His baseball career kicked off in 1958 when Davalillo became a minor league pitcher. He played with the Cincinnati Reds as a free agent. He later joined the Jacksonville Suns, where he was awarded the team’s first batting title.
Davalillo first entered the MLB in 1963 when he was signed on to the Cleveland Indians. The Venezuelan native earned a Gold Glove Award during his five seasons with the team. He also played an all-star game with them in 1965.
He went on to play with the California Angels in 1968 before transferring to the St. Louis Cardinals the following year. Overall, he would play for half a dozen teams. His first World Series championship came in 1971 while he was playing for the Pittsburgh Pirates against the Boston Orioles.

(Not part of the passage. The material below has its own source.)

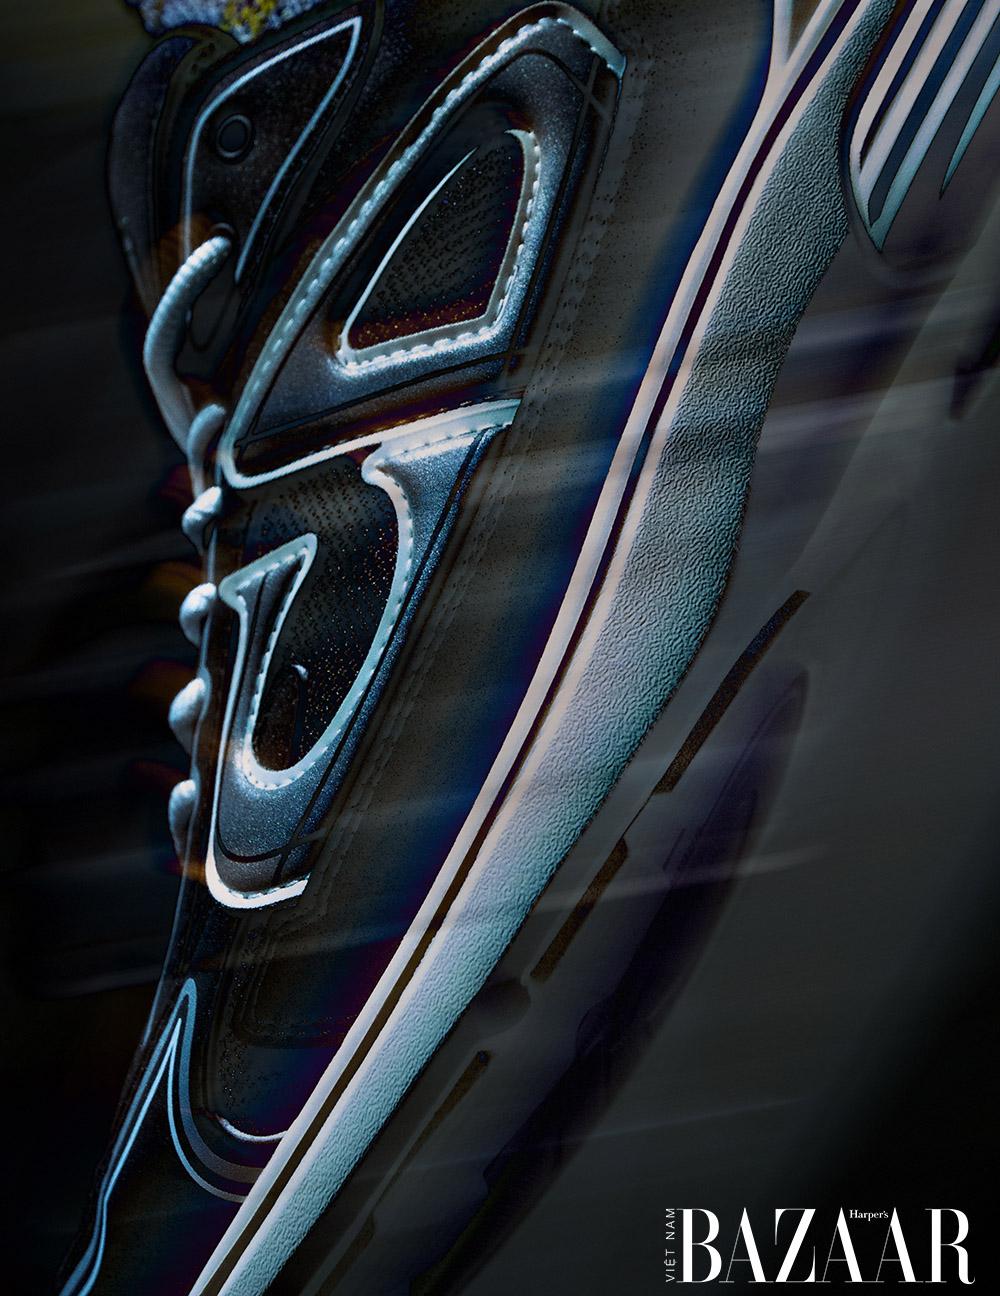 Dior B30 sneaker sẽ lên kệ trong tháng 10 với nhiều màu sắc hấp dẫn

Two years later, he was transferred to the Oakland Athletics. The team went on to beat the New York Mets in 1973 during his first season with the team. He was released the following year.
Davalillo then transferred to the Mexican league. He occasionally pitched and maintained a batting average of .384. He played in Mexico for three seasons.
He then returned to the American MLB in 1977 after the LA Dodgers hired him as a reserve. He played with he was released in 1979 before returning to Mexico.
Davalillo played 1,458 games over 16 years. He earned 4,017 at bats and 1,122 hits during his career. He also set records that have yet to be broken after playing in Venezuela in the 1980s. He pitched and batted with his left hand.
Davalillo is survived by his daughter.